Succinct Partial Sums and Fenwick Trees
Philip Bille, Anders Roy Christiansen, Nicola Prezza, Frederik Rye, Skjoldjensen

TL;DR
This paper introduces two space-efficient Fenwick Tree variants that support partial sums and updates with near-optimal space and time complexity, leveraging bit-packing and sampling techniques for practicality and parallelization.
Contribution
The paper presents the first succinct Fenwick Tree implementations with nk + o(n) bits space and efficient query/update times, improving space efficiency while maintaining performance.
Findings
Achieved nk + o(n) bits space with O(log_b n) query/update time.
Supported near-optimal time complexity with only a slight increase in space usage.

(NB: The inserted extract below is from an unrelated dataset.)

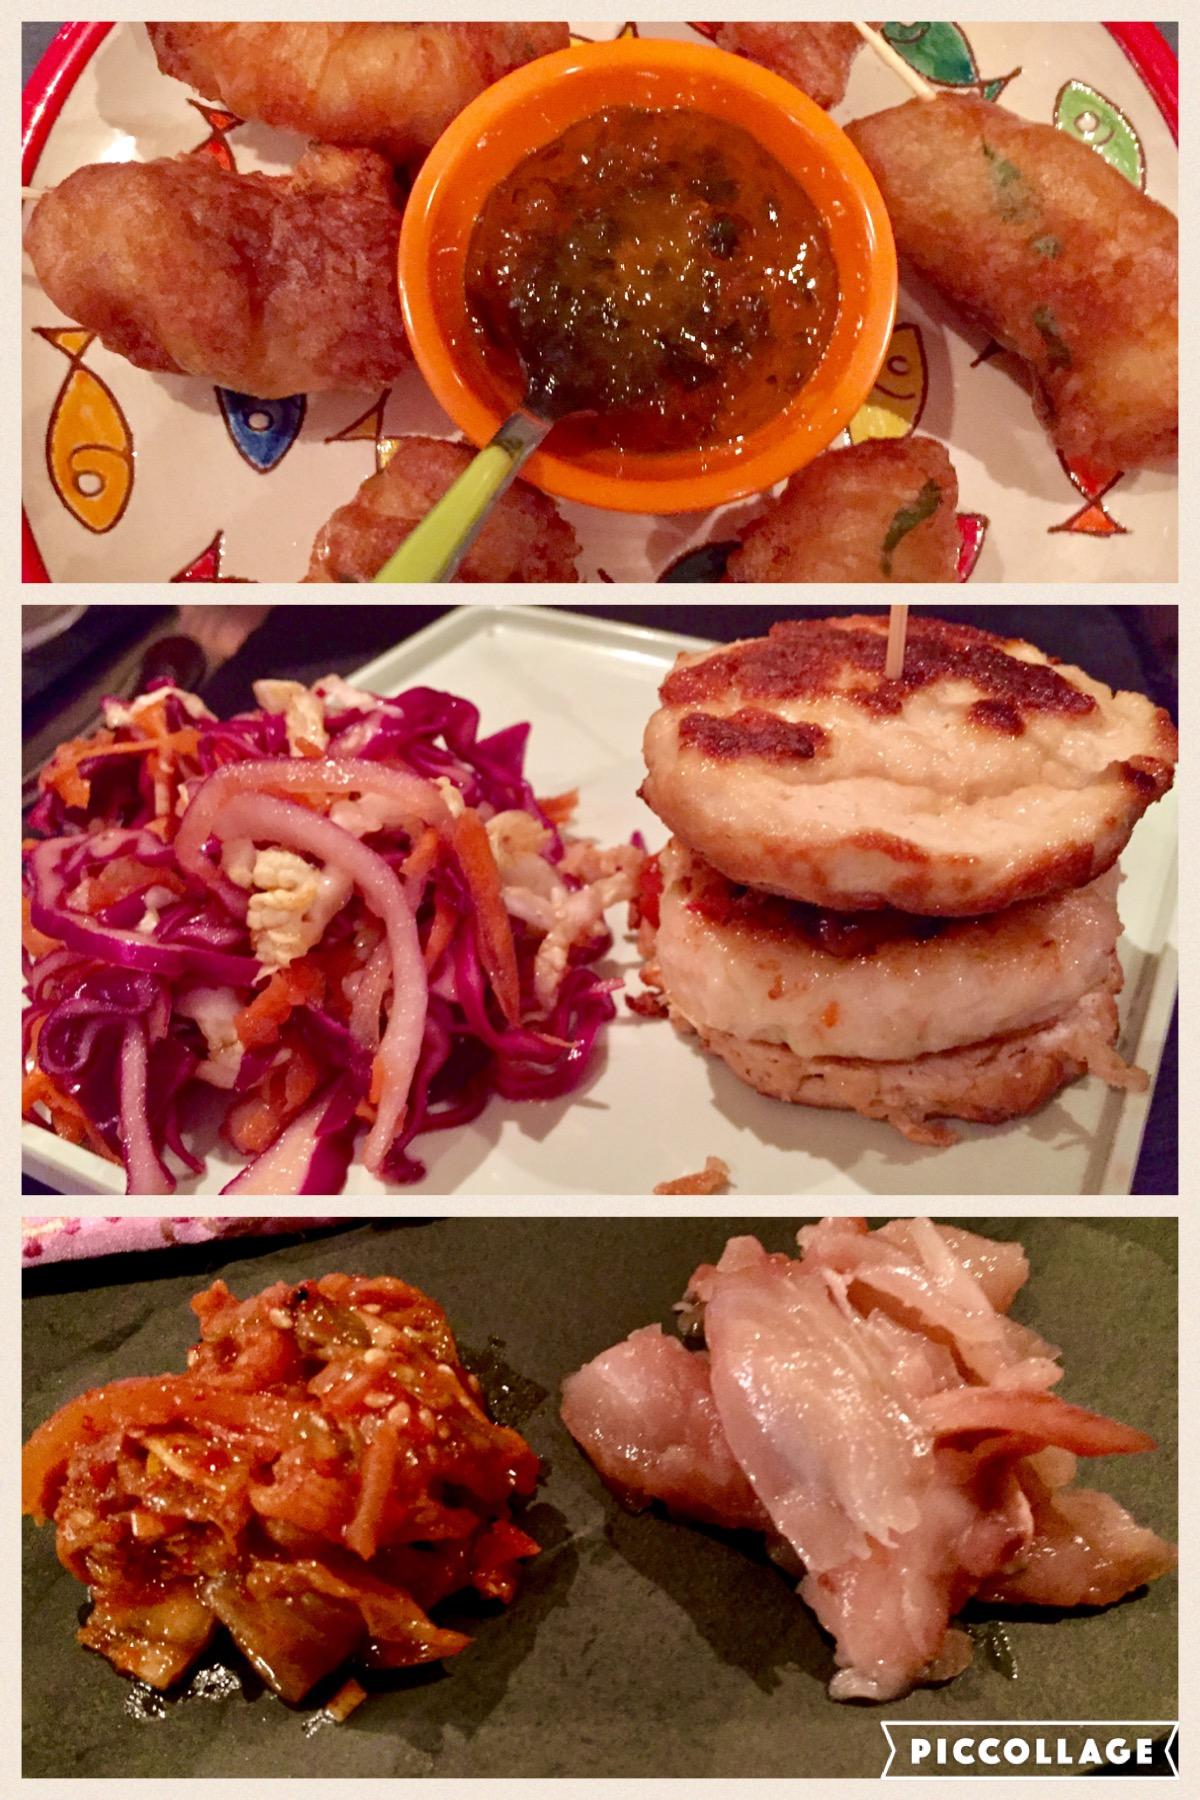 Marinated monkfish goujons, tequila batter and homemade jalapeno jam (top)  Tofu Slider, Seafood lemongrass patty, pickled shiitake, unami ketchup, truffle ponzu slaw (middle)  Ginger cured mackerel, sesame kimchi (bottom)

Designed methods are practical, based on bit-packing and sampling, enabling simple parallelization.
Abstract
We consider the well-studied partial sums problem in succint space where one is to maintain an array of n k-bit integers subject to updates such that partial sums queries can be efficiently answered. We present two succint versions of the Fenwick Tree - which is known for its simplicity and practicality. Our results hold in the encoding model where one is allowed to reuse the space from the input data. Our main result is the first that only requires nk + o(n) bits of space while still supporting sum/update in O(log_b n) / O(b log_b n) time where 2 <= b <= log^O(1) n. The second result shows how optimal time for sum/update can be achieved while only slightly increasing the space usage to nk + o(nk) bits. Beyond Fenwick Trees, the results are primarily based on bit-packing and sampling - making them very practical - and they also allow for simple optimal parallelization.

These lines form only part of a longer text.